BP, Halliburton and Transocean Lawyer Up

Monday, June 07, 2010
Jamie Gorelick

Corporations facing investigations and lawsuits as a result of the Gulf of Mexico oil spill are putting their financial largesse to use.

 
BP, which was leasing the Deepwater Horizon oil platform when it exploded and sunk, has retained the international firm WilmerHale. One of the firm’s partners is Jamie Gorelick, who served as a deputy attorney general in the U.S. Department of Justice during the Clinton administration and as a member of the 9/11 Commission. BP is hoping Gorelick’s insider experience will help them prepare for the criminal investigation that Attorney General Eric Holder is launching into the accident.
 
Transocean Ltd., owner of the Deepwater Horizon, has recruited Skadden, Arps, Slate, Meagher & Flom, while Halliburton Co., which performed work on the oil well at the bottom of the ocean, has hired Patton Boggs.
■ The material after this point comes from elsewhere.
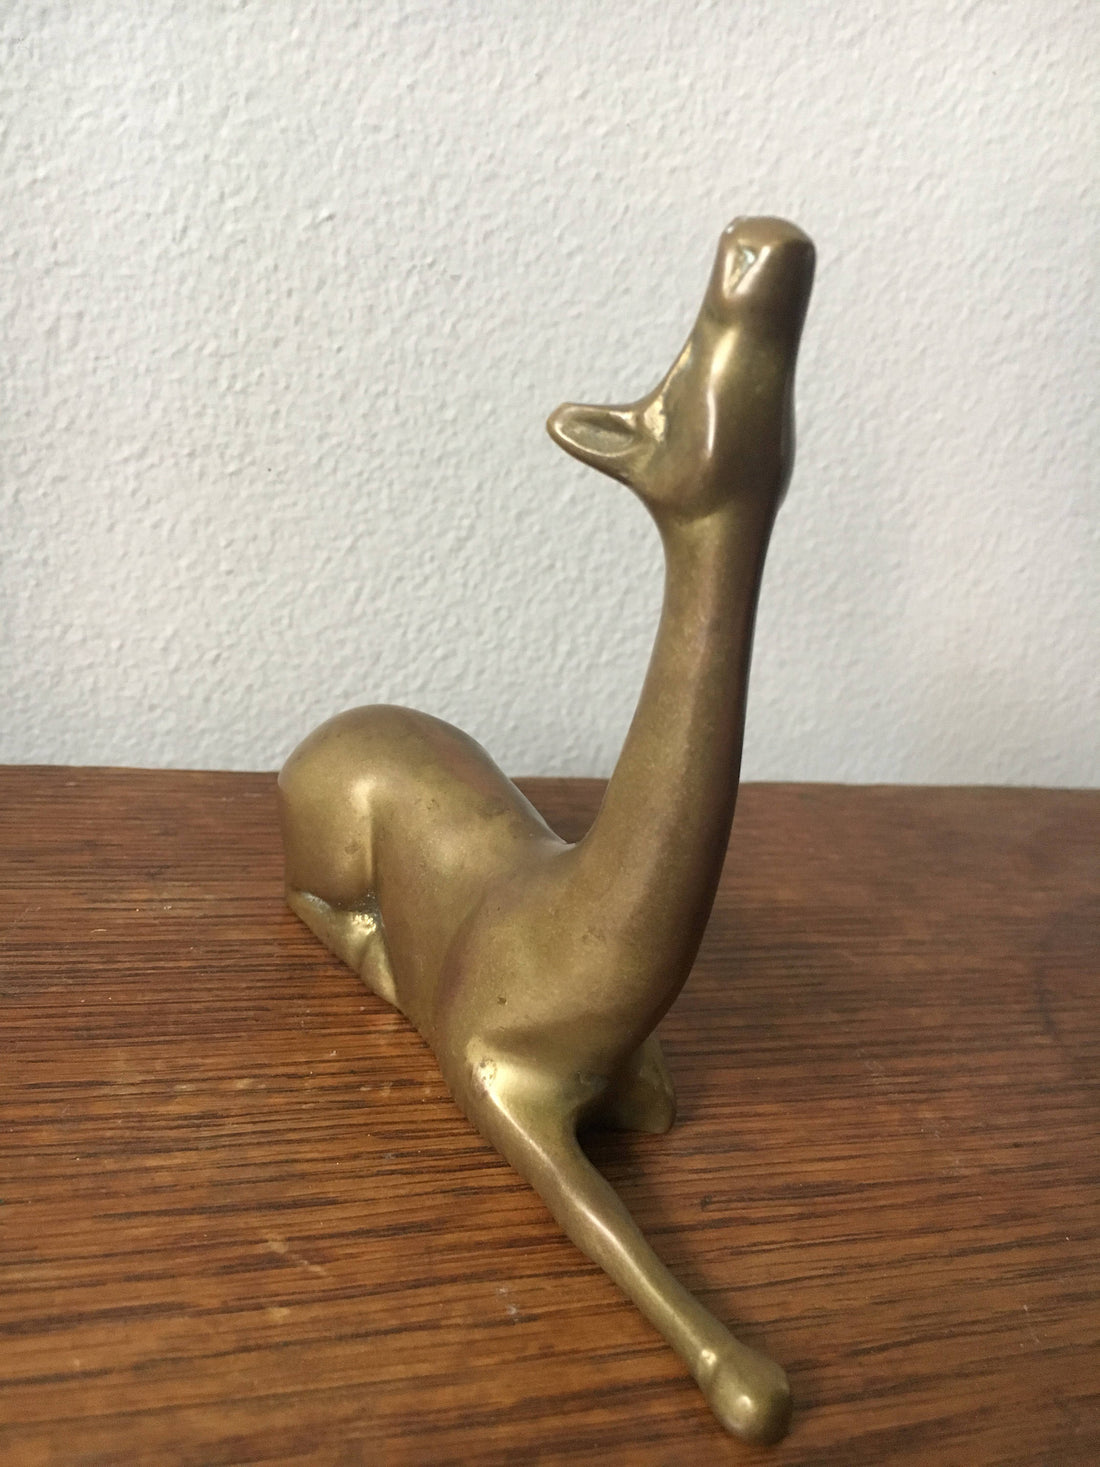 Vintage Solid Brass Deer Statue
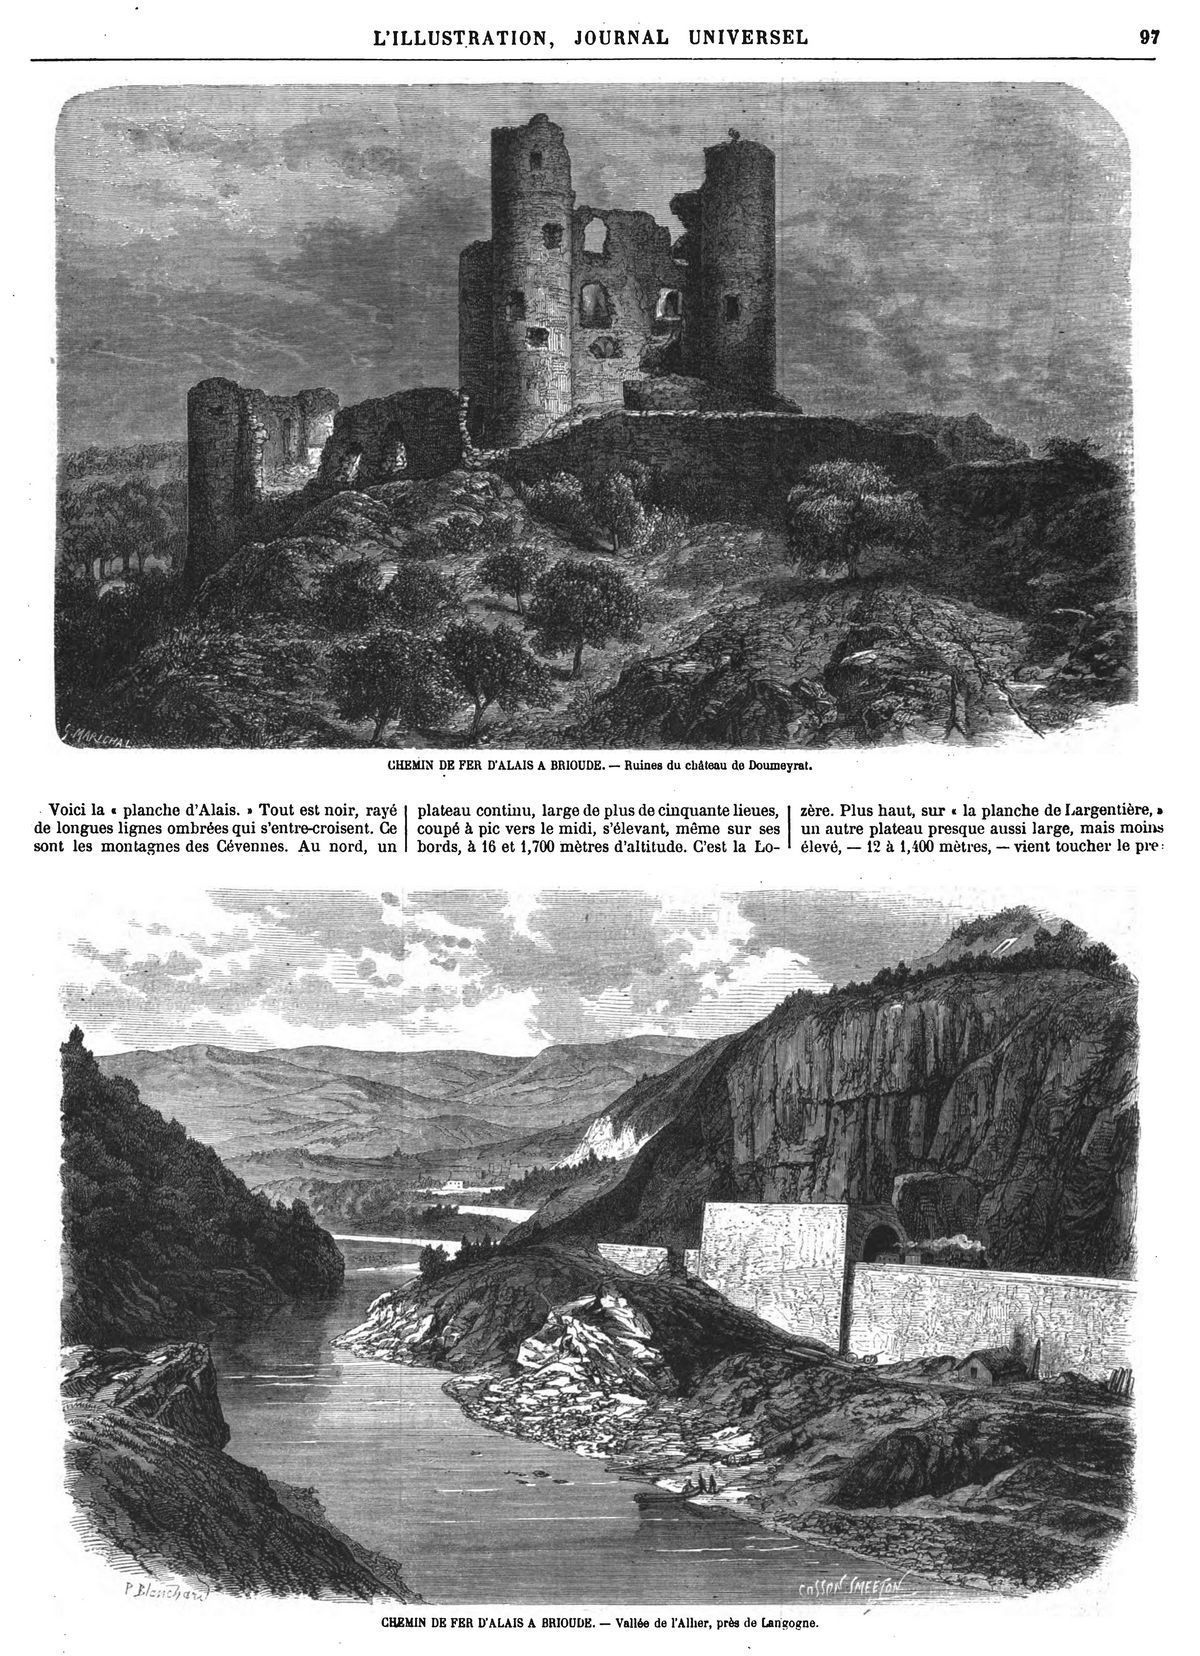 CHEMIN DE FER D'ALAIS A BRIOUDE. — Ruines du château de Doumeyrat.

Jeffrey Turner, a partner at Patton Boggs, has experience representing other companies under investigation by the House Energy and Commerce Committee, which may conduct its own investigation into the disaster.
 
Since the April 20 accident that has spilled millions of gallons of oil into the gulf, Halliburton has ramped up its campaign contributions to key lawmakers. The company donated $17,000 in May, including donations to seven members of Congress who serve on committees that are likely to examine the oil spill.